=== EXERCISE ===
The following data is to be repeated exactly, its pictures excluded.

=== DATA SHOWN ===
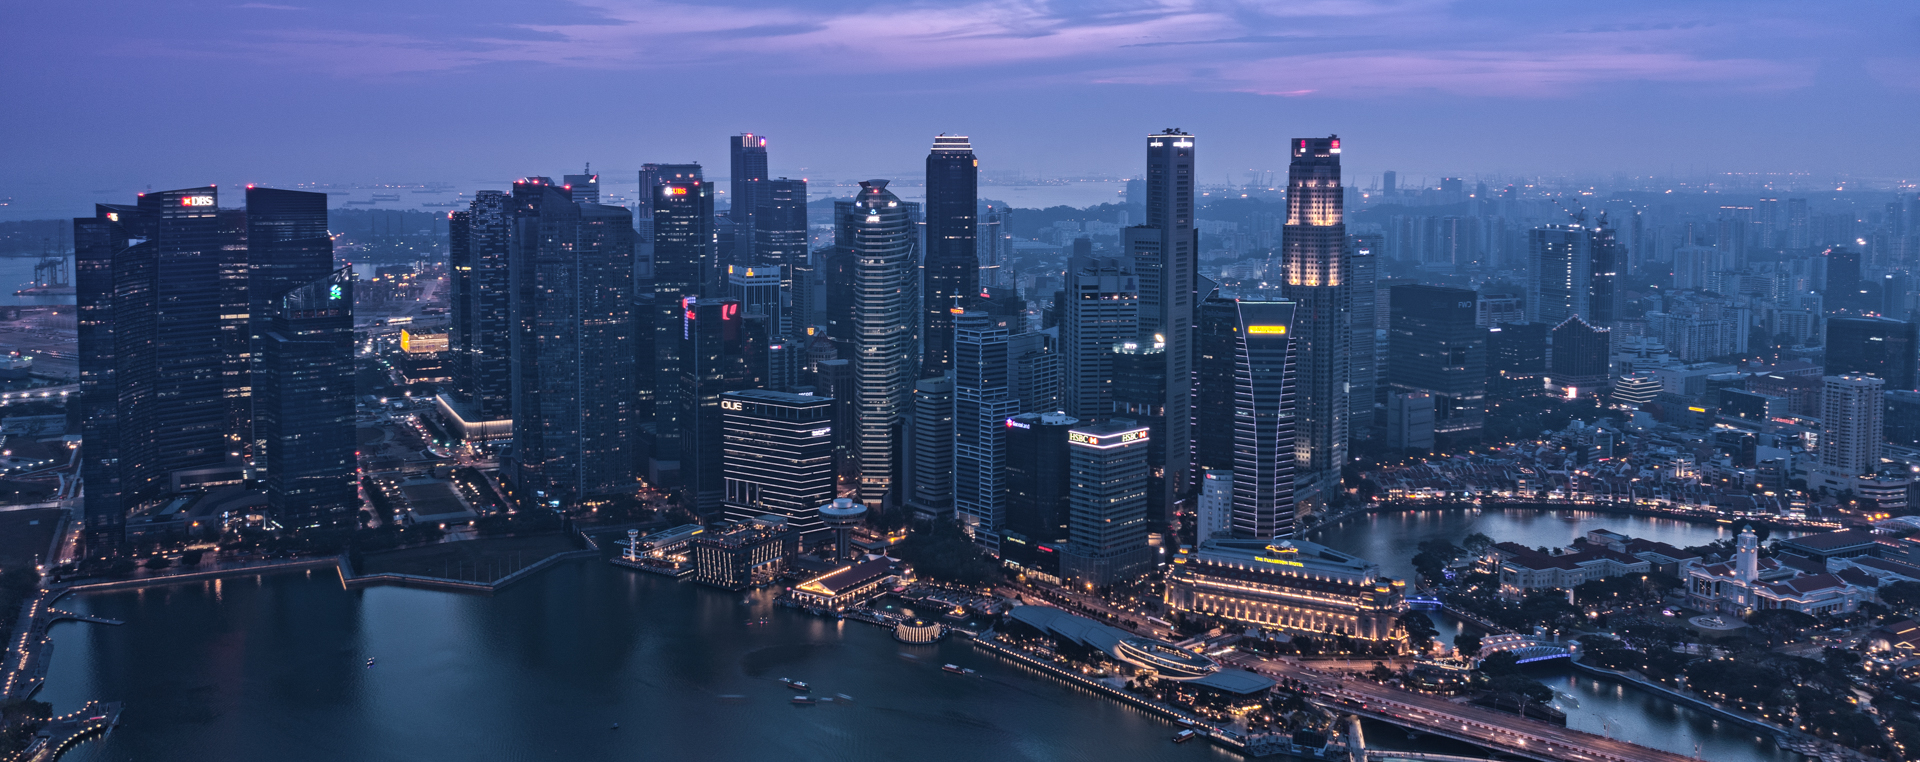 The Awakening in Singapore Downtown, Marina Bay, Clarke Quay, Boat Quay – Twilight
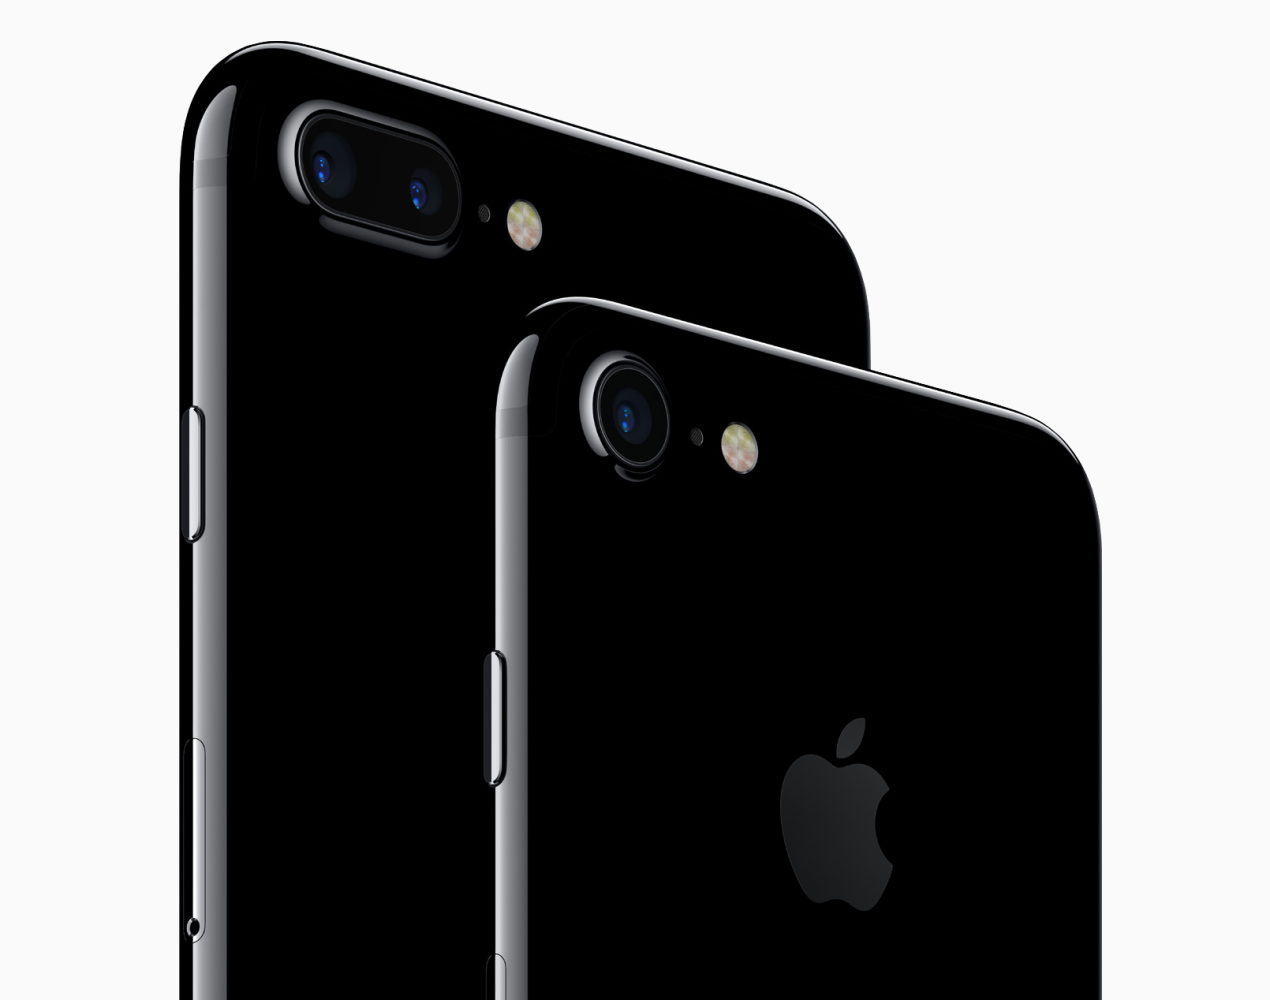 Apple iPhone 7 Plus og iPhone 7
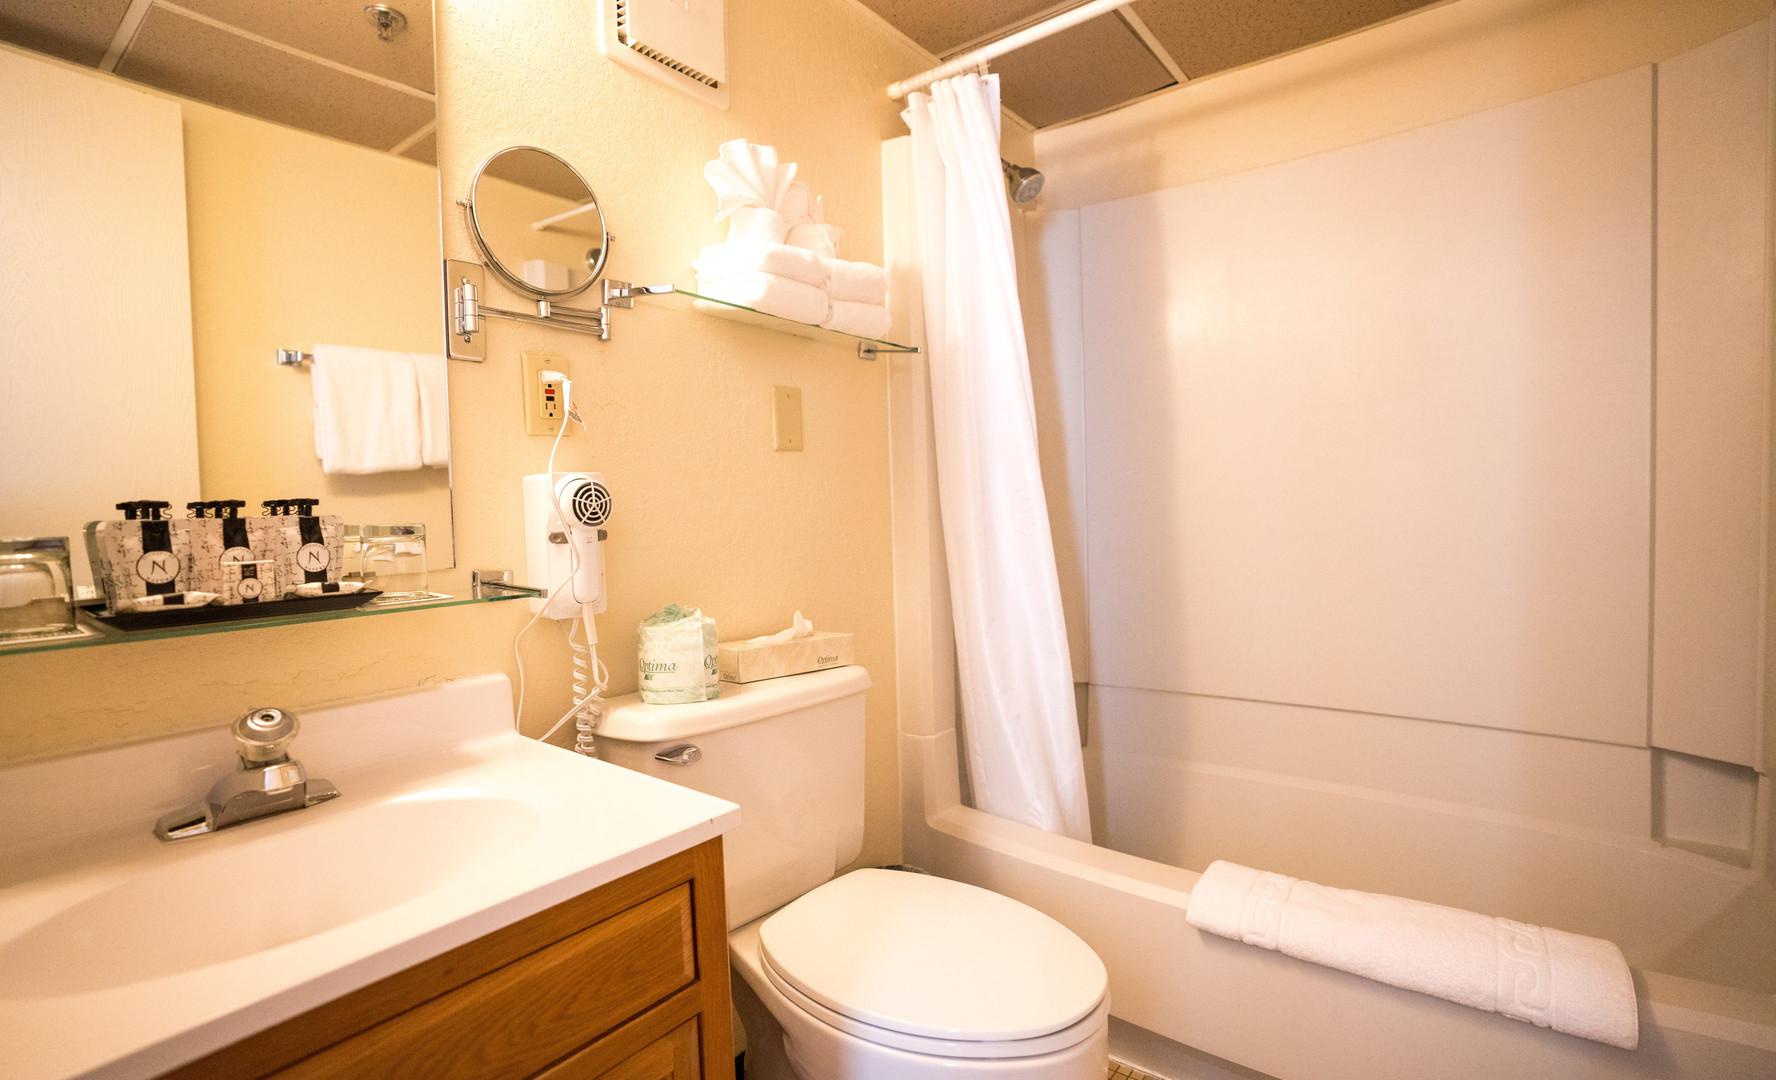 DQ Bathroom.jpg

=== THE ANSWER ===
 The Awakening in Singapore Downtown, Marina Bay, Clarke Quay, Boat Quay – Twilight
 Apple iPhone 7 Plus og iPhone 7
 DQ Bathroom.jpg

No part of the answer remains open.